From the data below, repeat everything exactly except the images.

* [Collected data]:
▼
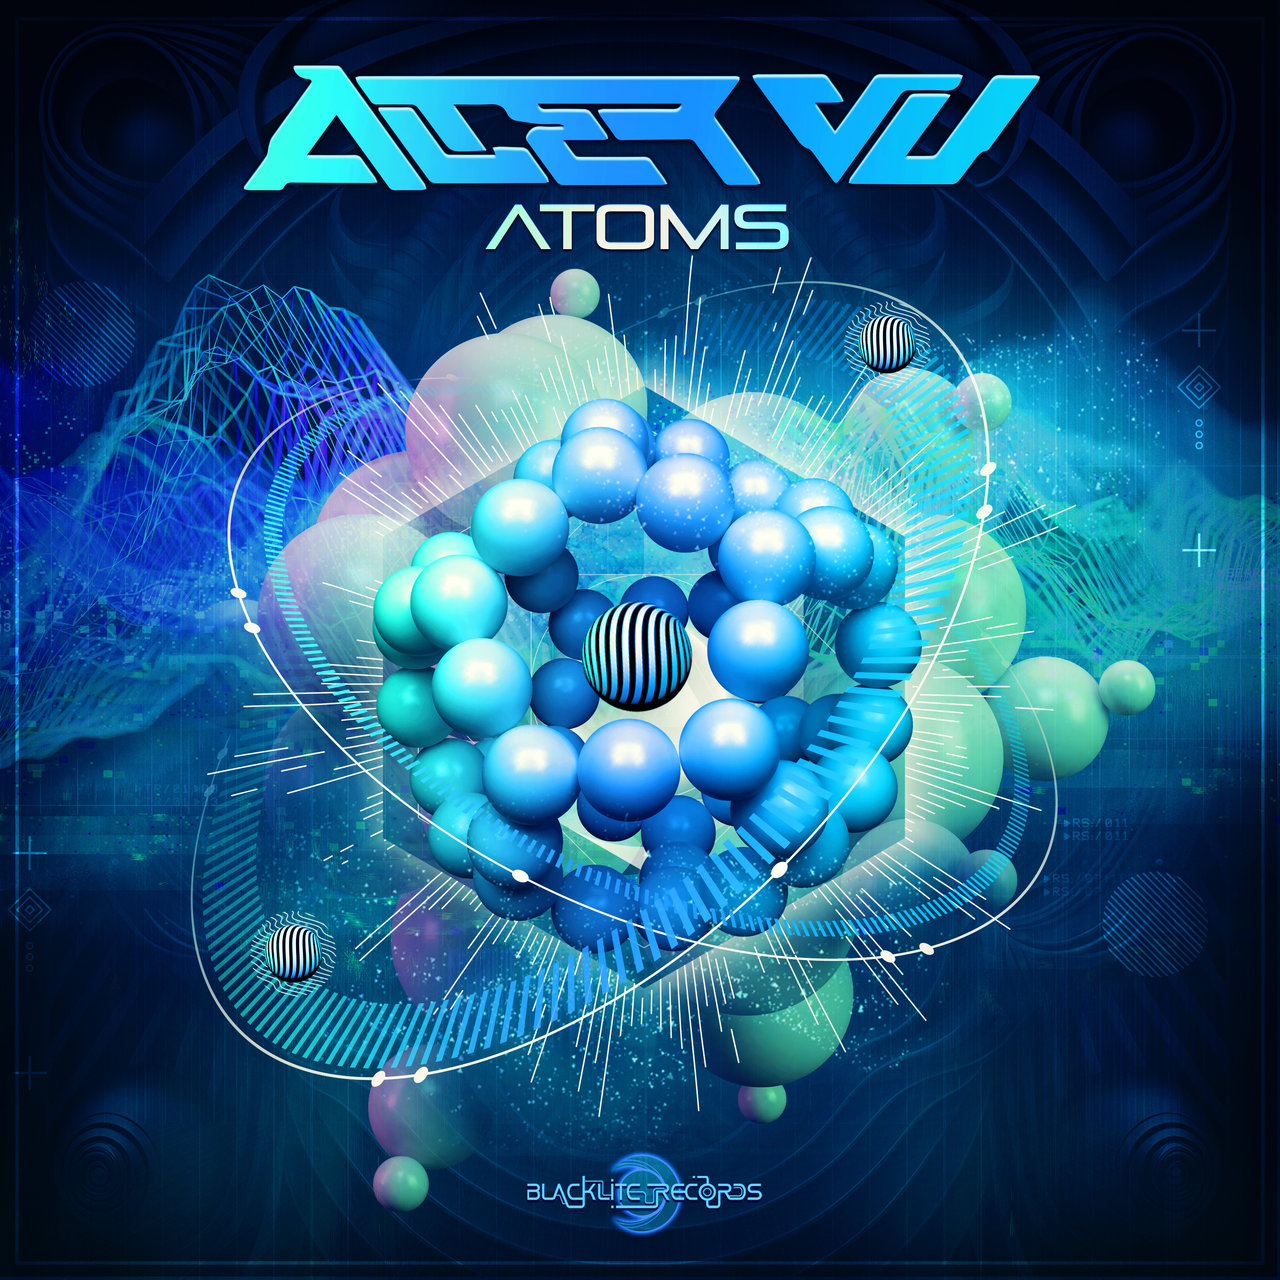 Atoms - Alter VU
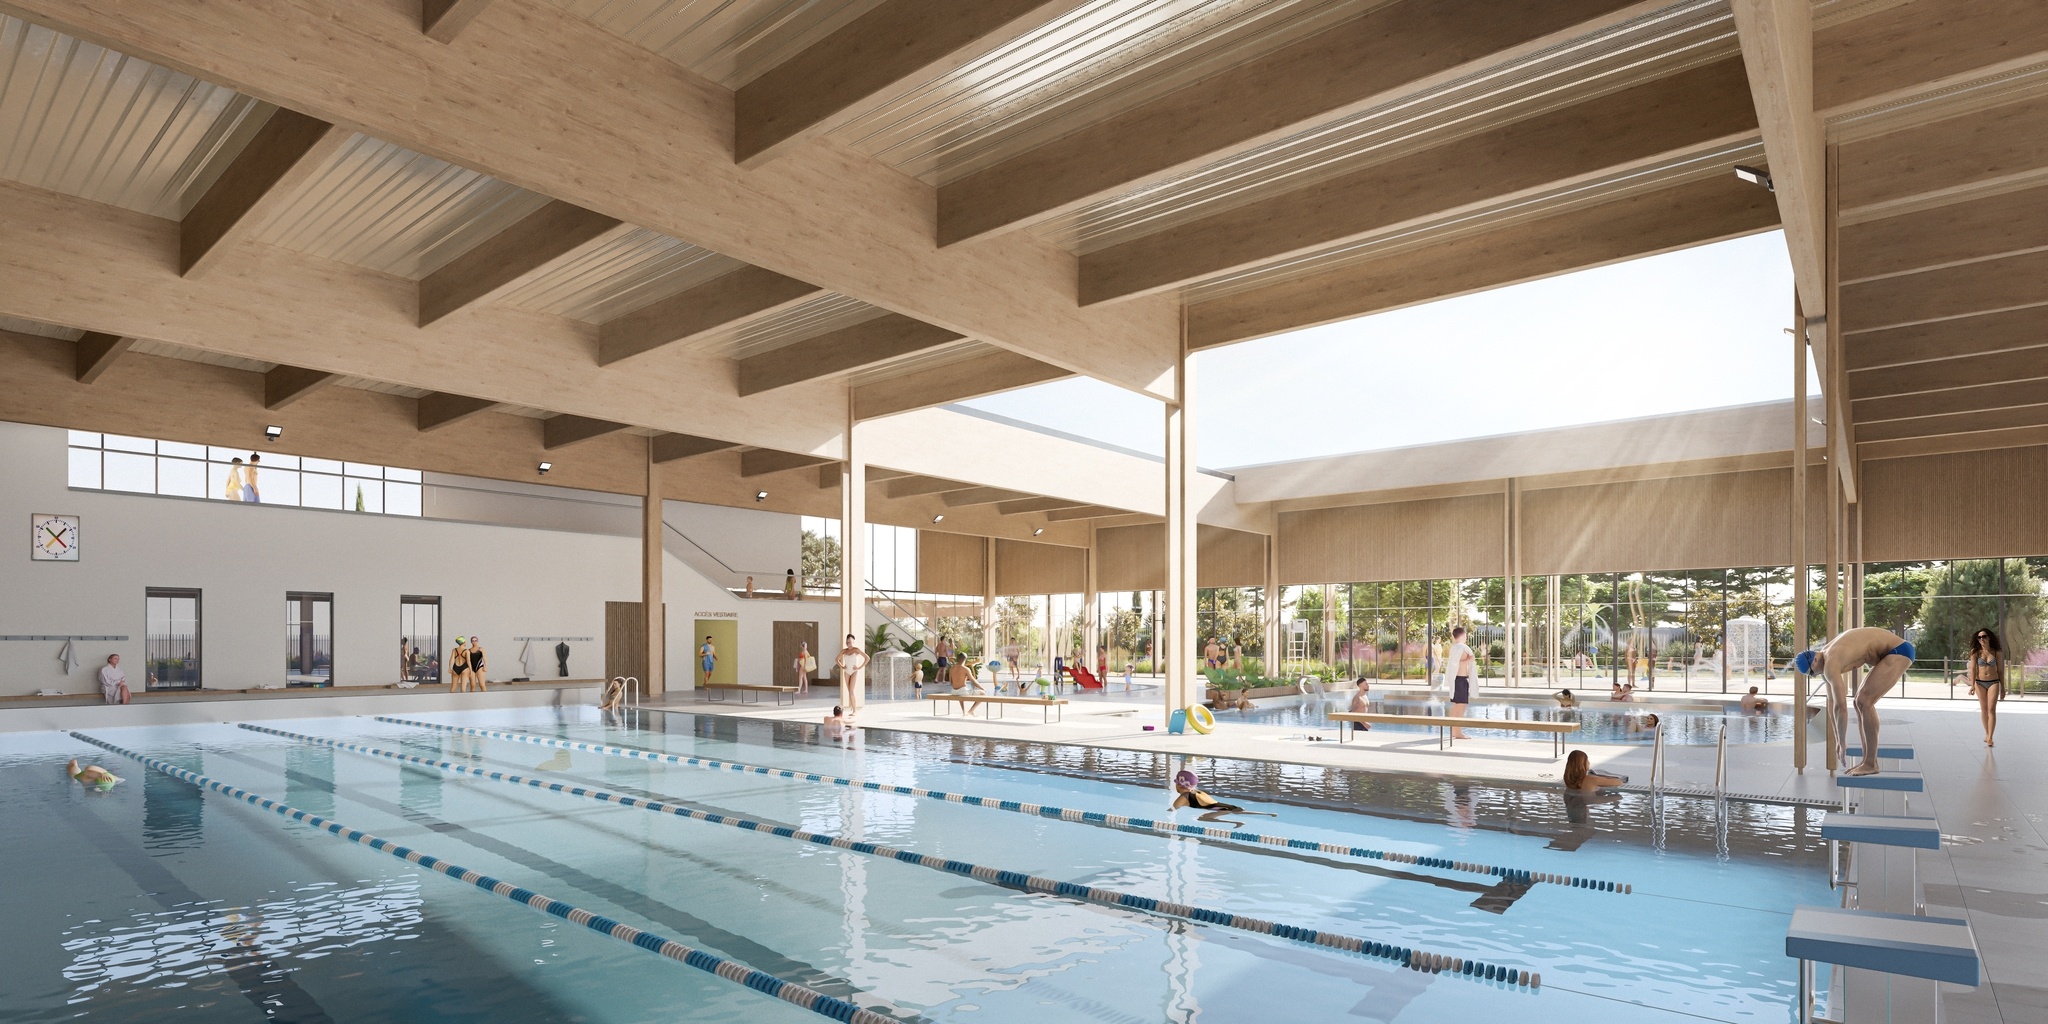 Perspective séduction vue intérieur de la piscine pour le projet de Piscine de Chateaurenard
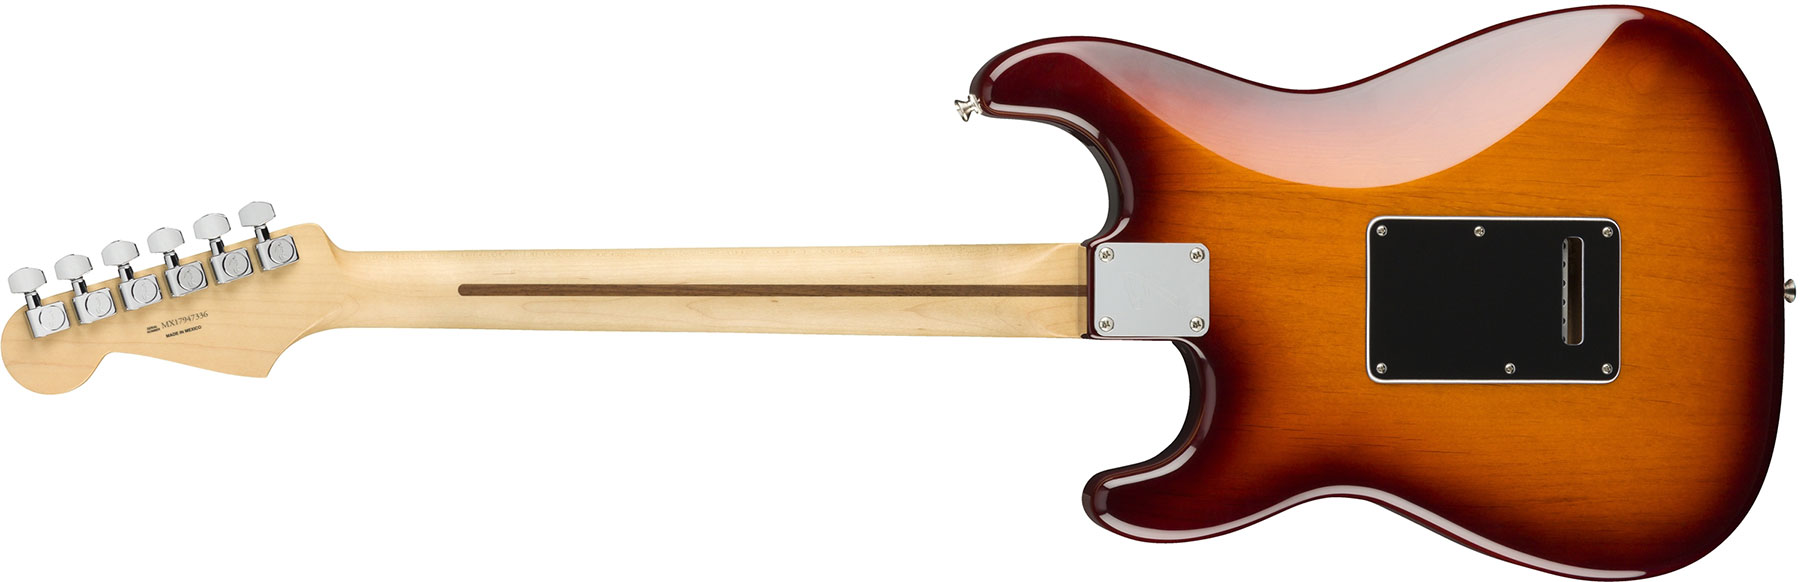 Fender Strat Player Plus Top Mex Hss Pf - Tobacco Burst - Guitare Électrique Forme Str - Variation 1
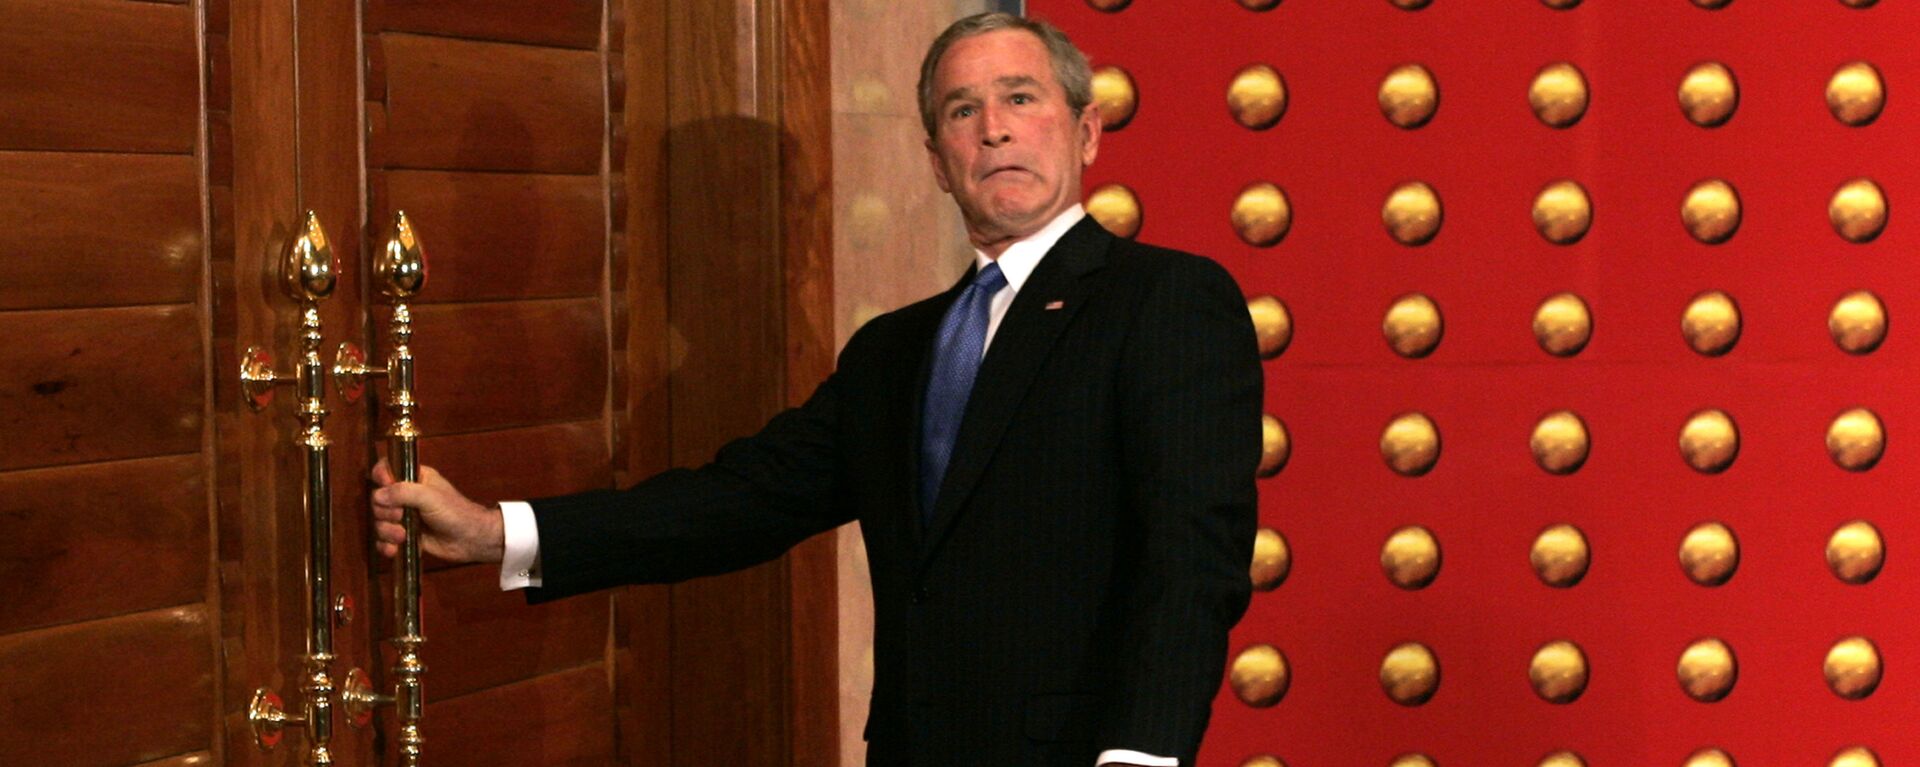  Tổng thống George Bush không thể mở cửa trong chuyến thăm cấp nhà nước tới Trung Quốc. - Sputnik Việt Nam, 1920, 19.05.2022
▲
* [Result of this task]:
 Atoms - Alter VU
 Perspective séduction vue intérieur de la piscine pour le projet de Piscine de Chateaurenard
 Fender Strat Player Plus Top Mex Hss Pf - Tobacco Burst - Guitare Électrique Forme Str - Variation 1
  Tổng thống George Bush không thể mở cửa trong chuyến thăm cấp nhà nước tới Trung Quốc. - Sputnik Việt Nam, 1920, 19.05.2022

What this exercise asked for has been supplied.